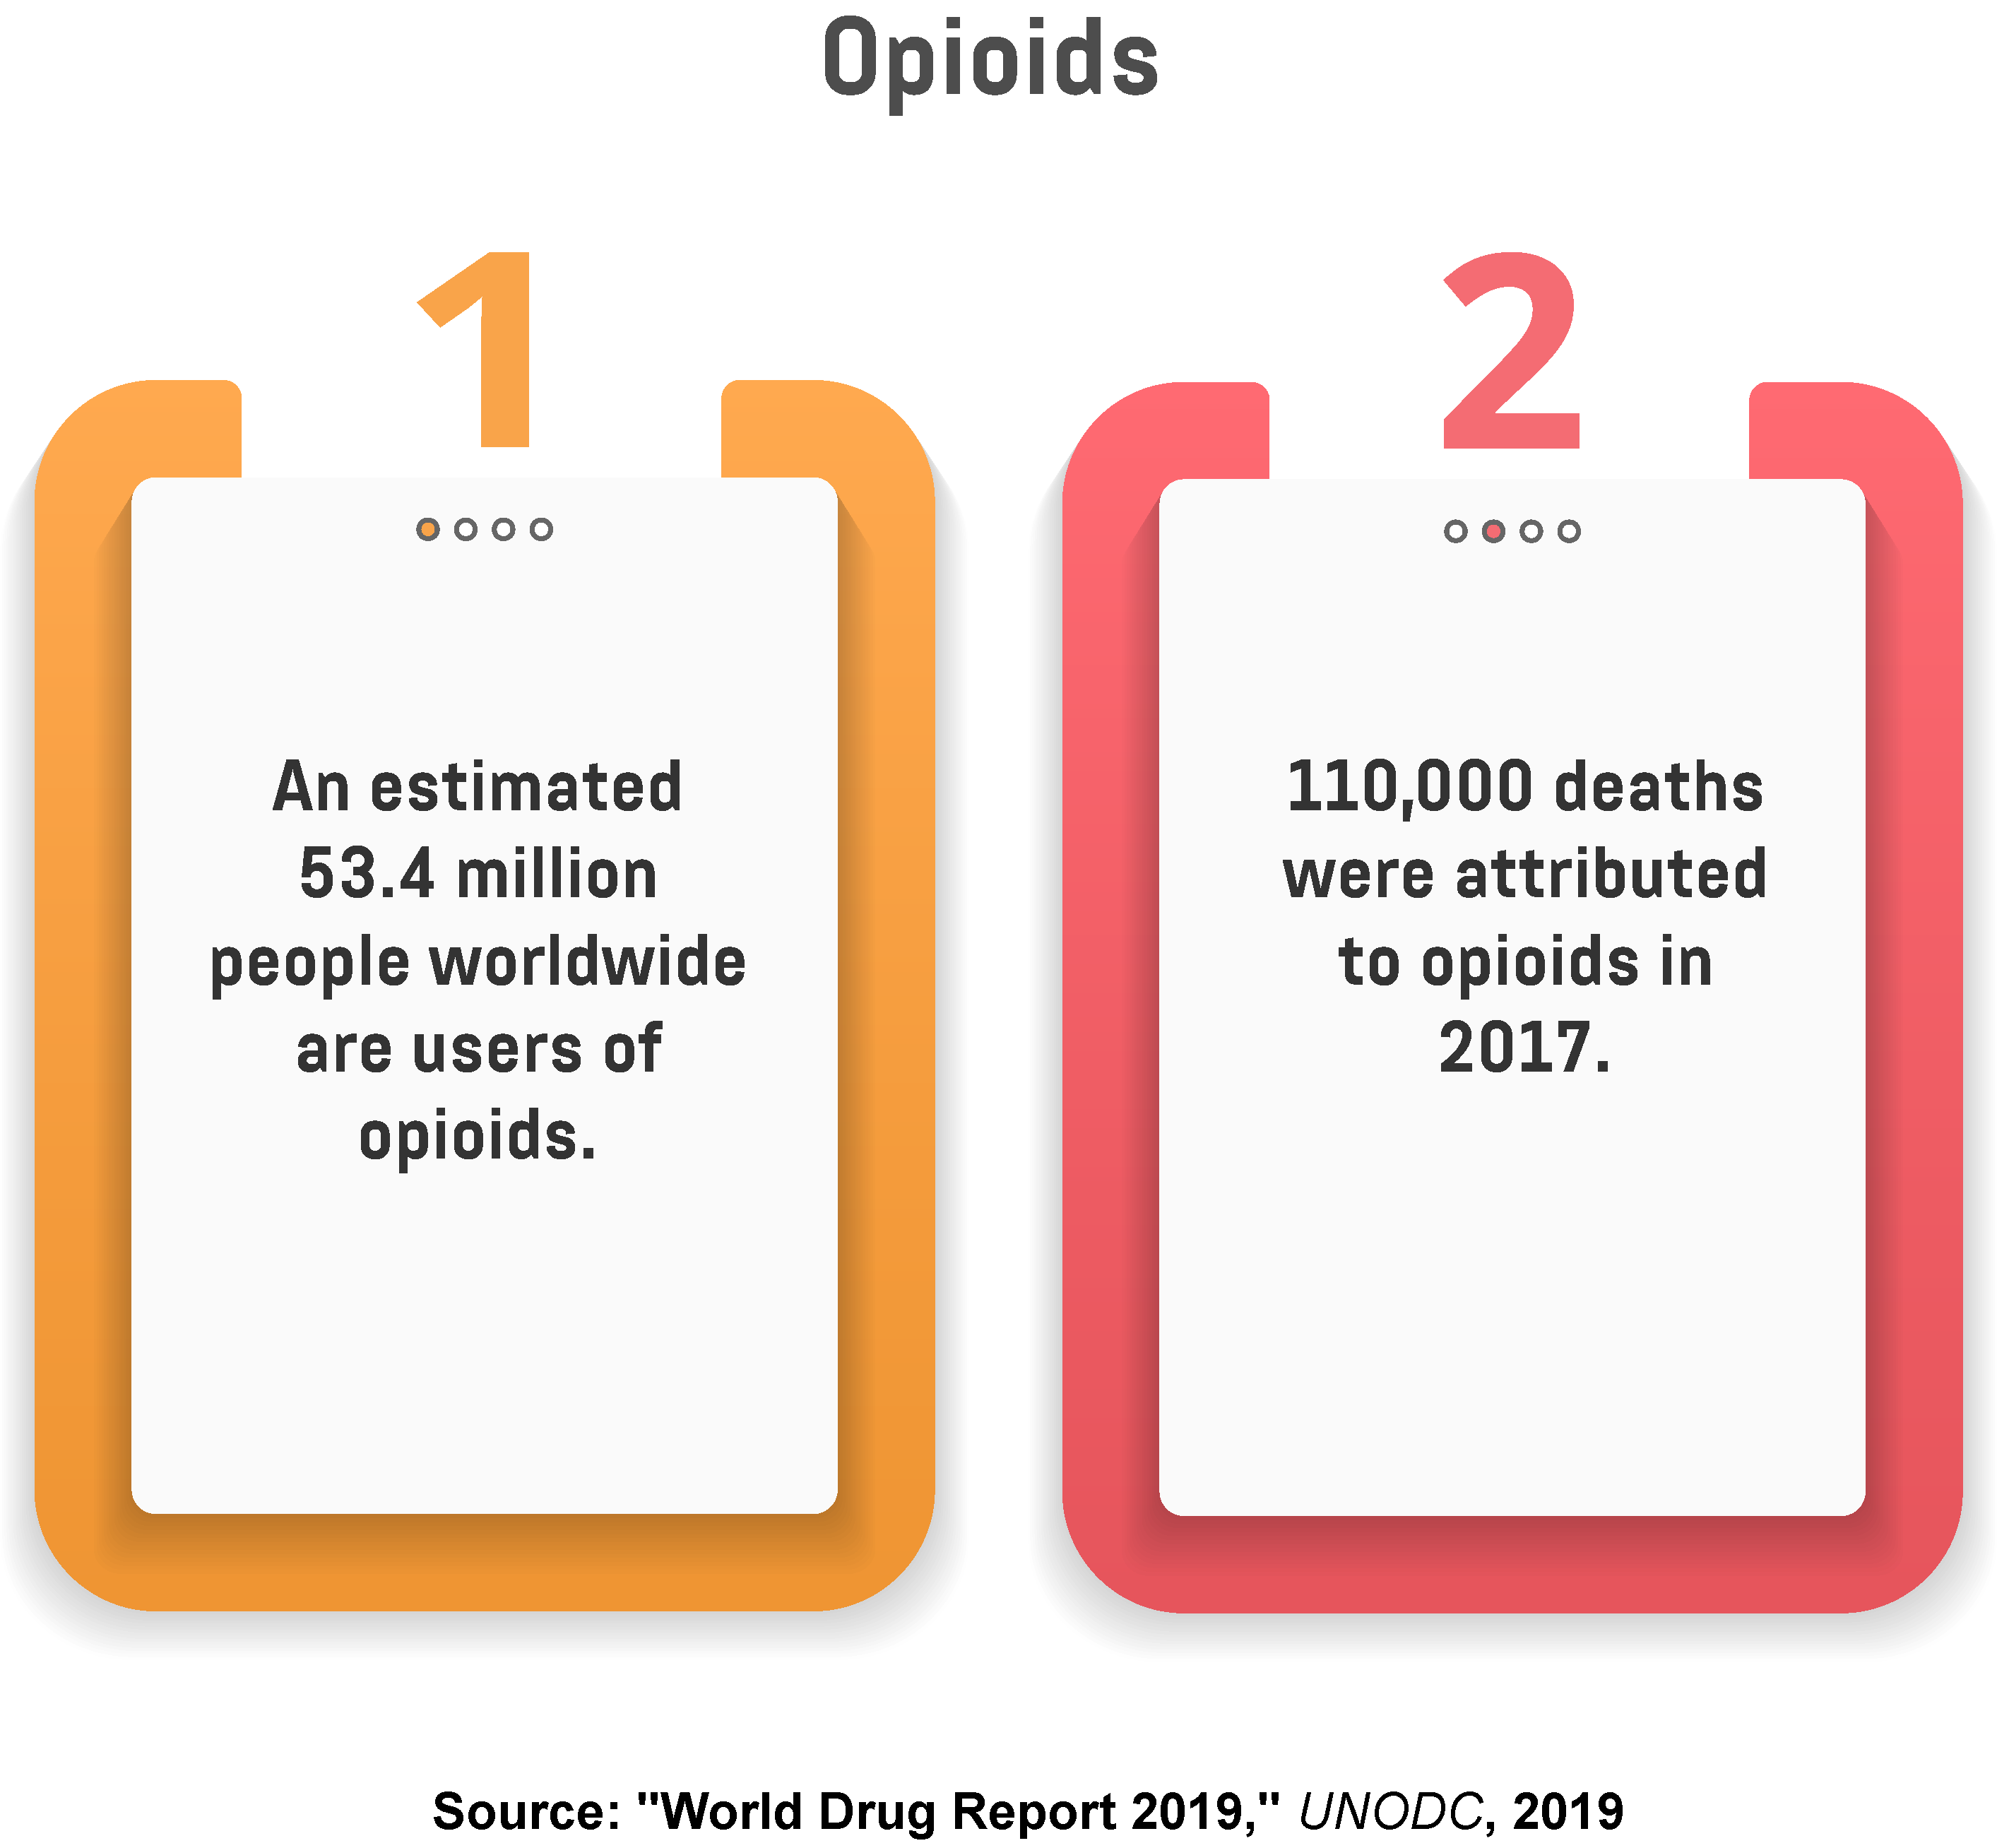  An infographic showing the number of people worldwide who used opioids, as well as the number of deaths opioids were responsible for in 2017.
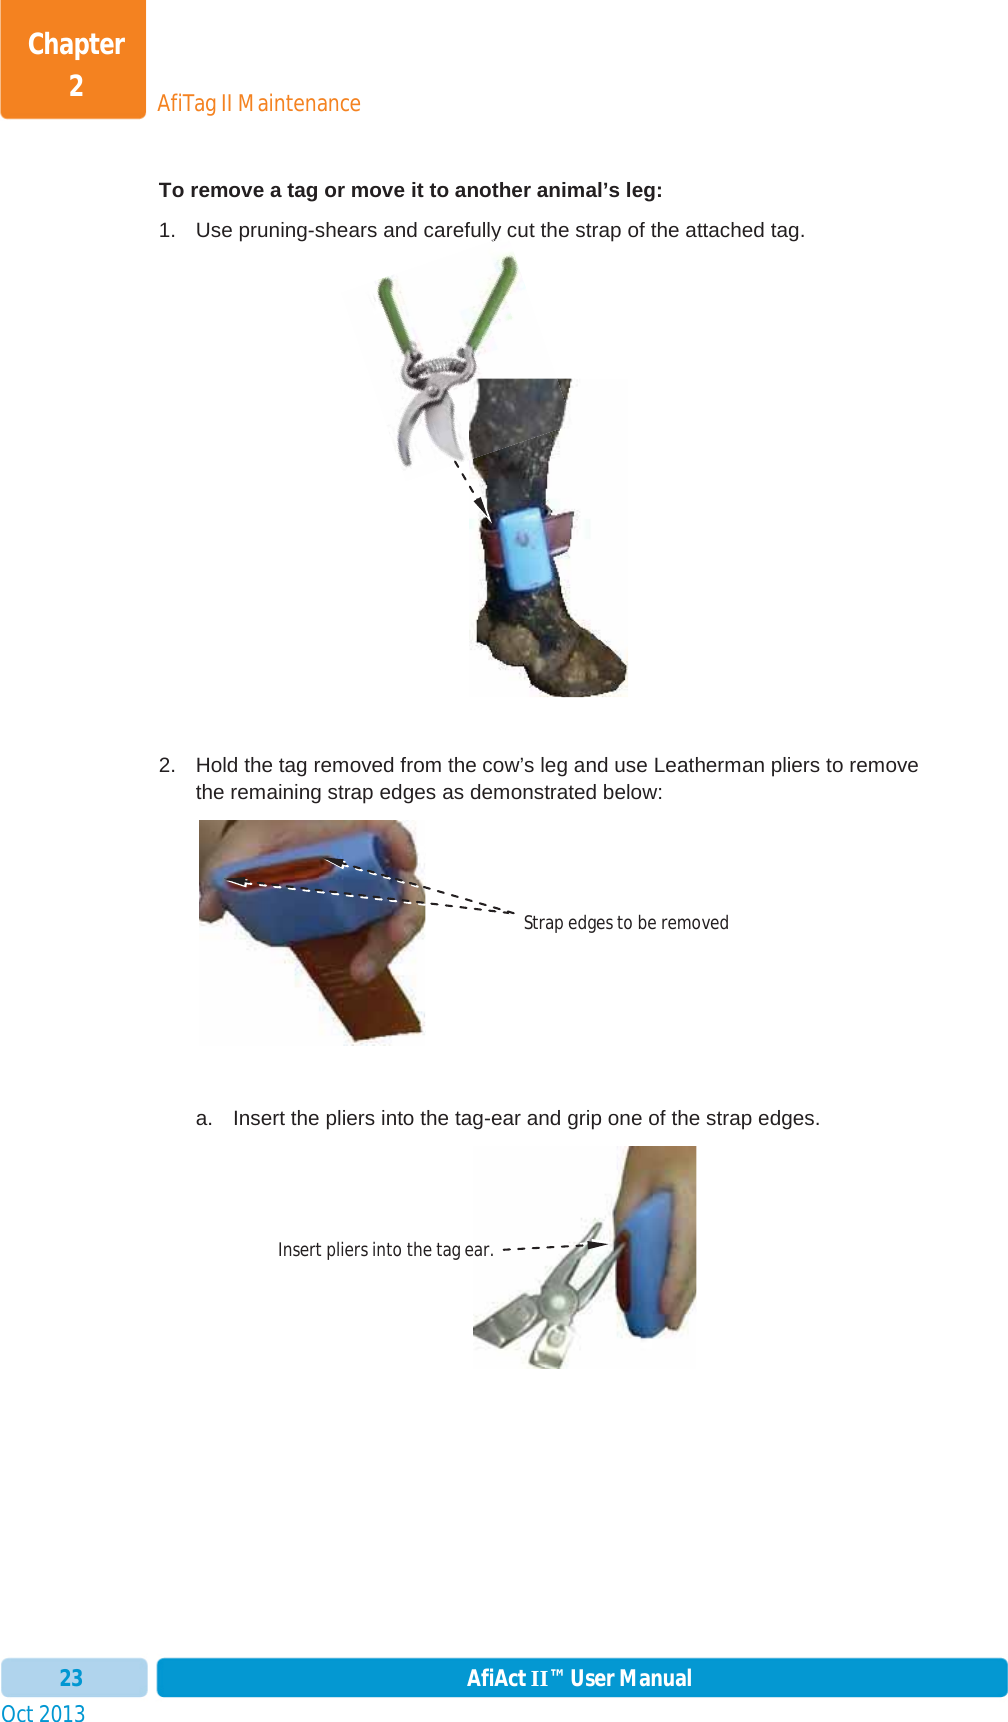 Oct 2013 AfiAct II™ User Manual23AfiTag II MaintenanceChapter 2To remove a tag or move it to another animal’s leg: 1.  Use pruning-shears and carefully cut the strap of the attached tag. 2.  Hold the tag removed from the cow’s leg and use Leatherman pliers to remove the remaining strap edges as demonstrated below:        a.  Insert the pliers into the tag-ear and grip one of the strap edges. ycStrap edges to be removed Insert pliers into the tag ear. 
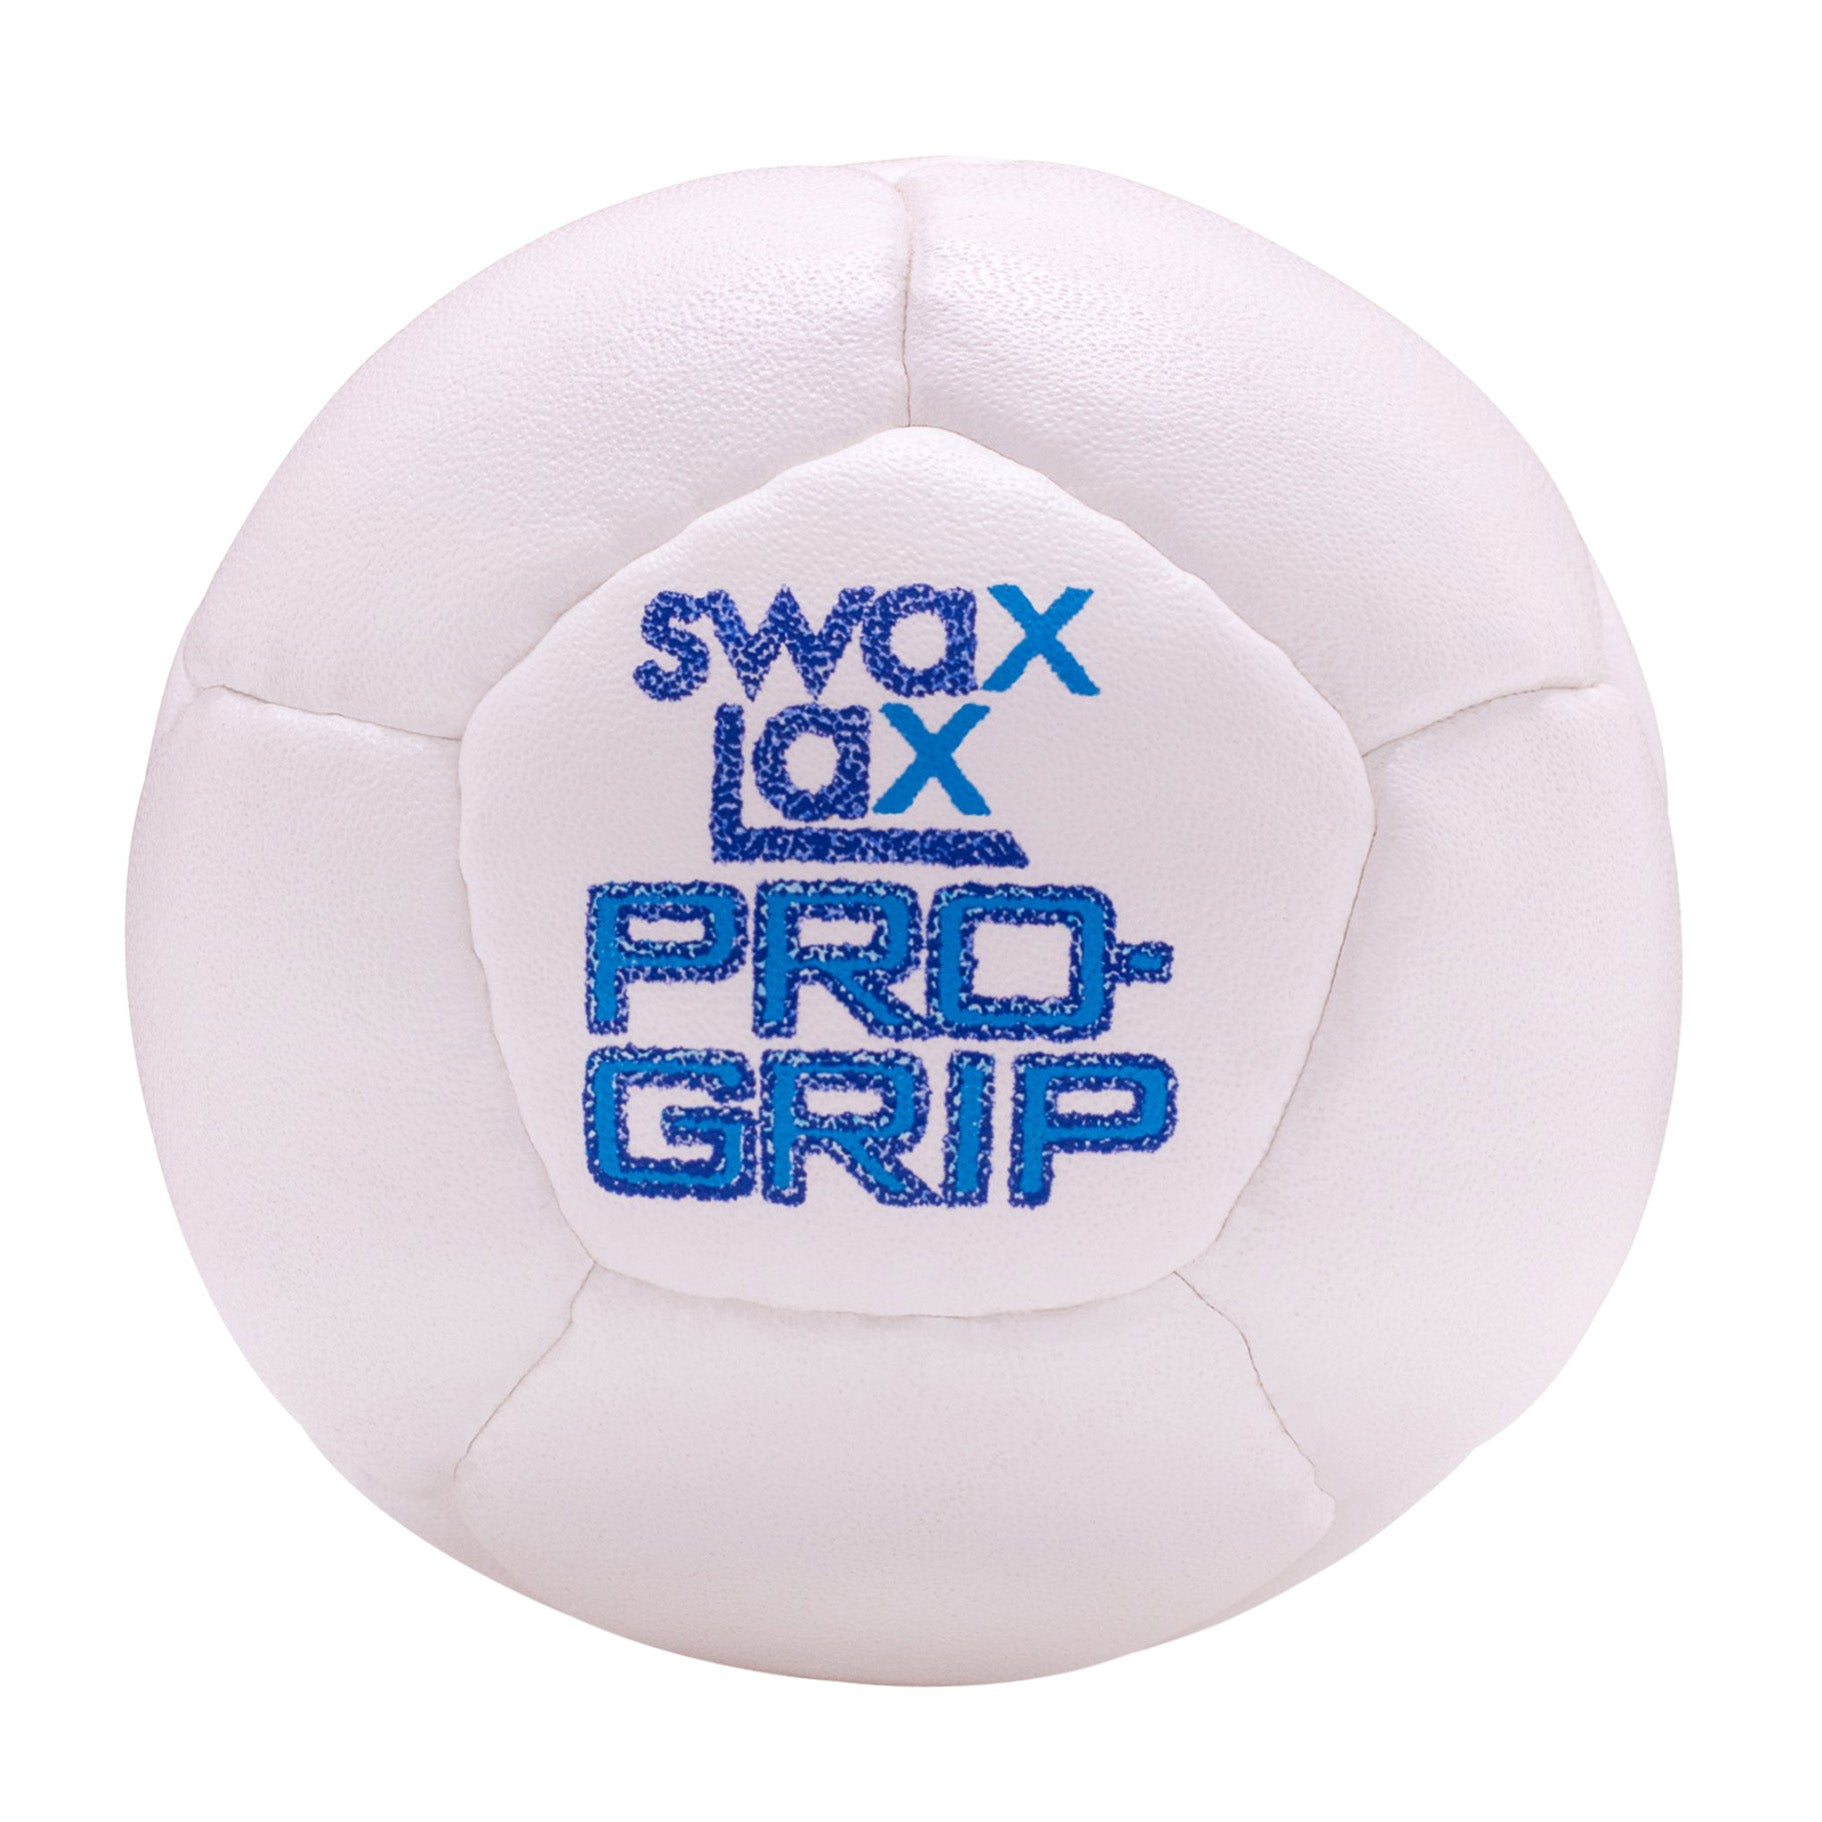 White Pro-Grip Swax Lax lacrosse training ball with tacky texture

● **PROMPT**
Each line above is to be copied exactly, and the pictures are to be dropped.

● **RESPONSE TO THIS TASK**
  An infographic showing the number of people worldwide who used opioids, as well as the number of deaths opioids were responsible for in 2017.
 Oct 2013 AfiAct II™ User Manual23AfiTag II MaintenanceChapter 2To remove a tag or move it to another animal’s leg: 1.  Use pruning-shears and carefully cut the strap of the attached tag. 2.  Hold the tag removed from the cow’s leg and use Leatherman pliers to remove the remaining strap edges as demonstrated below:        a.  Insert the pliers into the tag-ear and grip one of the strap edges. ycStrap edges to be removed Insert pliers into the tag ear. 
 White Pro-Grip Swax Lax lacrosse training ball with tacky texture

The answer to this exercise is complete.